Now, her work disturbs. Hesse-Honegger, 49, paints insects that she believes have been deformed by radioactivity. As an illustrator at Zurich University’s Zoological Institute, she grew increasingly concerned about the mutations she observed in routine genetic studies in the lab. Then, in April 1986, came Chernobyl.

“I worried about the effect on insects,” says Hesse-Honegger. “The scientists pooh-poohed any danger.

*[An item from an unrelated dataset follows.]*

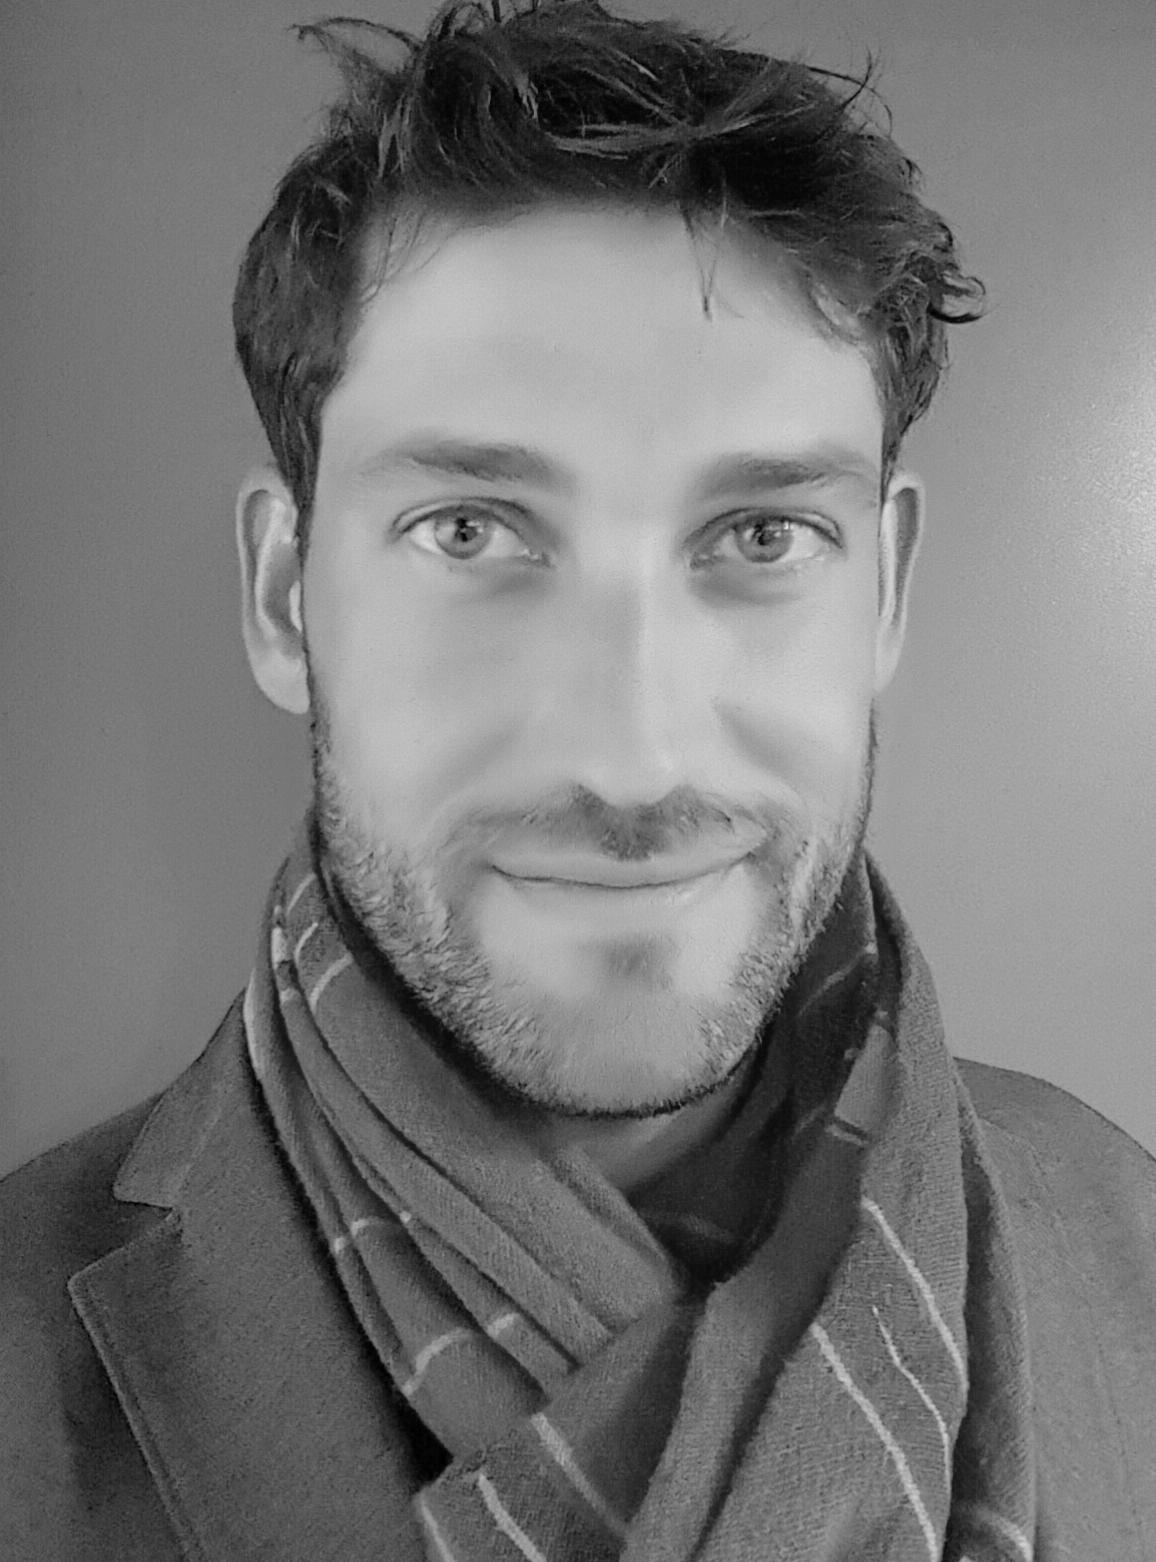 Patrick Farnole
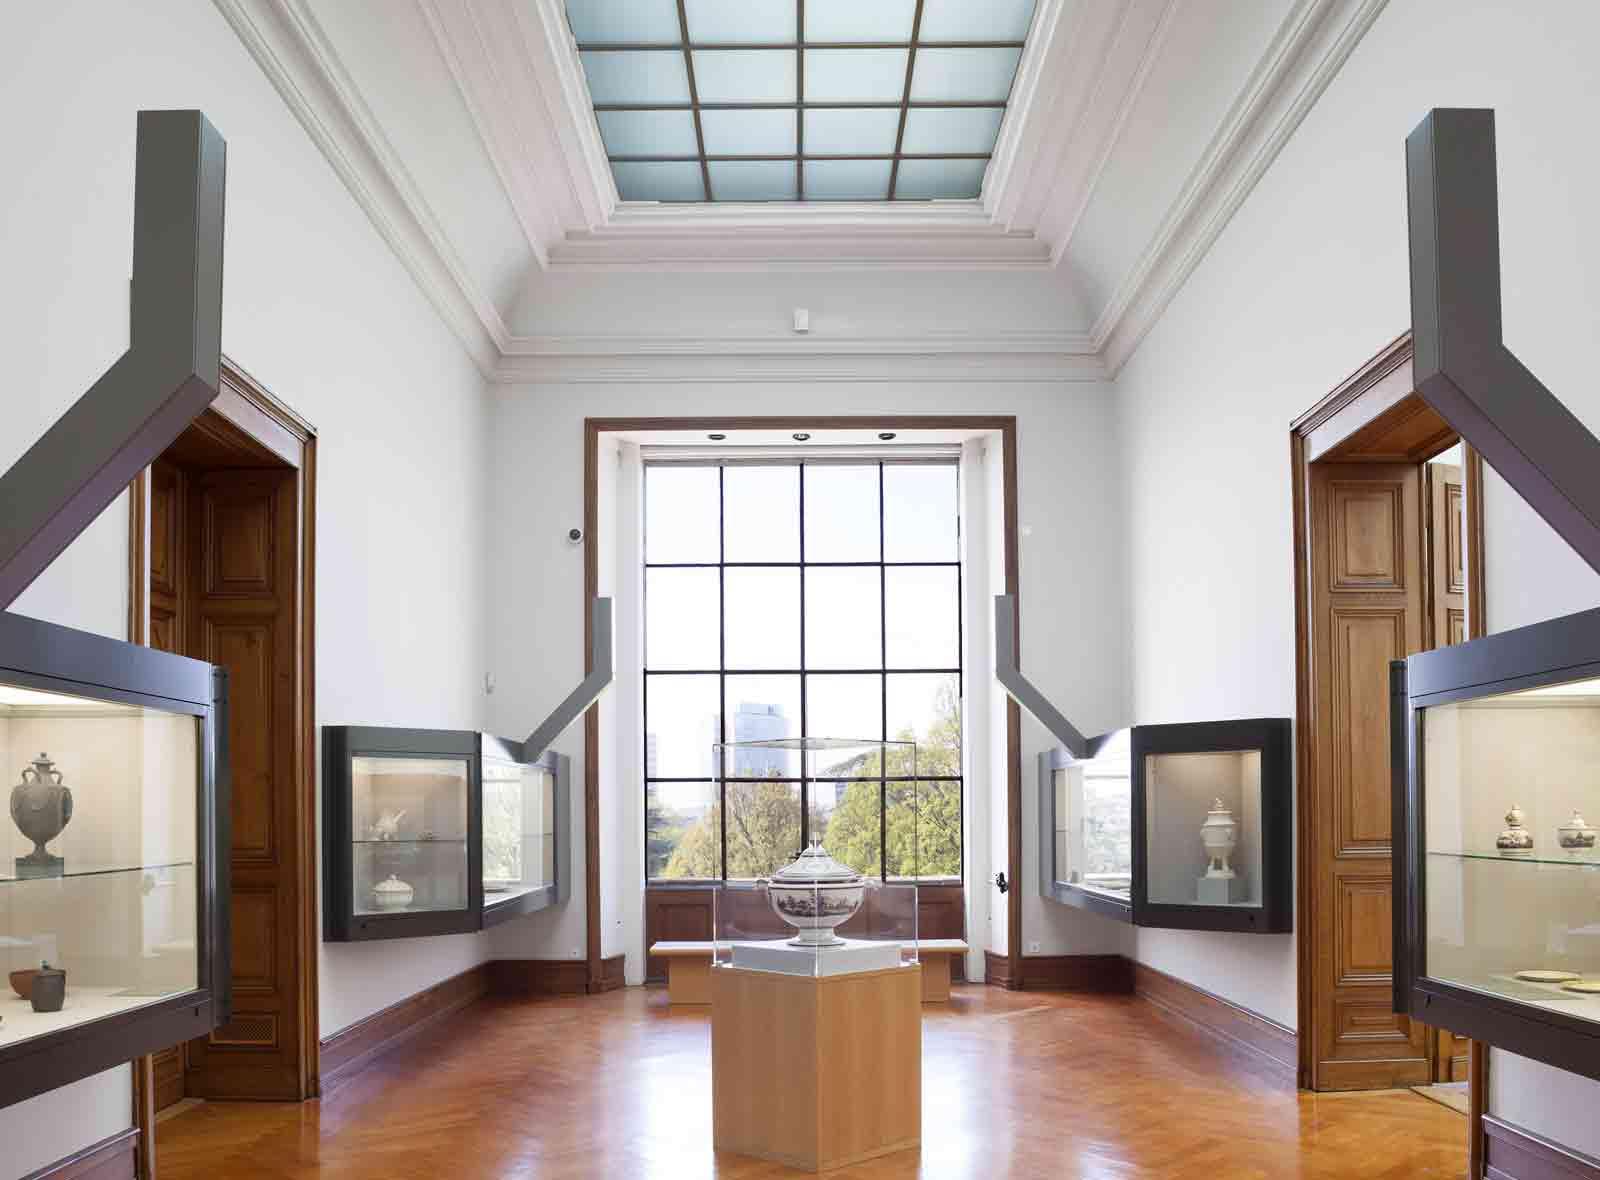 die-schoensten-ausflugsziele-musee-ariana-geneve-blog

I decided to see for myself.” Near Chernobyl’s restricted zone, and in high-fallout areas in Sweden and Switzerland, she found bugs with deformities on their bodies, wings, feelers, limbs, and eyes.

She has since gathered misshapen insects from around England’s Sellafield nuclear plant and Three Mile Island in Pennsylvania. “Normally,” says Hesse-Honegger, “about 1 percent [of insects] may be born damaged.” But at Three Mile Island, for instance, she found that the number was as high as 15 percent to 20 percent.

Scientists, meanwhile, remain skeptical–with some exceptions. Says Joan Davis, a water protection specialist at the Swiss Federal Institute of Technology, “Maybe low-level radiation is playing havoc with life. Numbers alone don’t seem to move us, [but] pictures leave behind a loud and clear signal that something is desperately wrong.”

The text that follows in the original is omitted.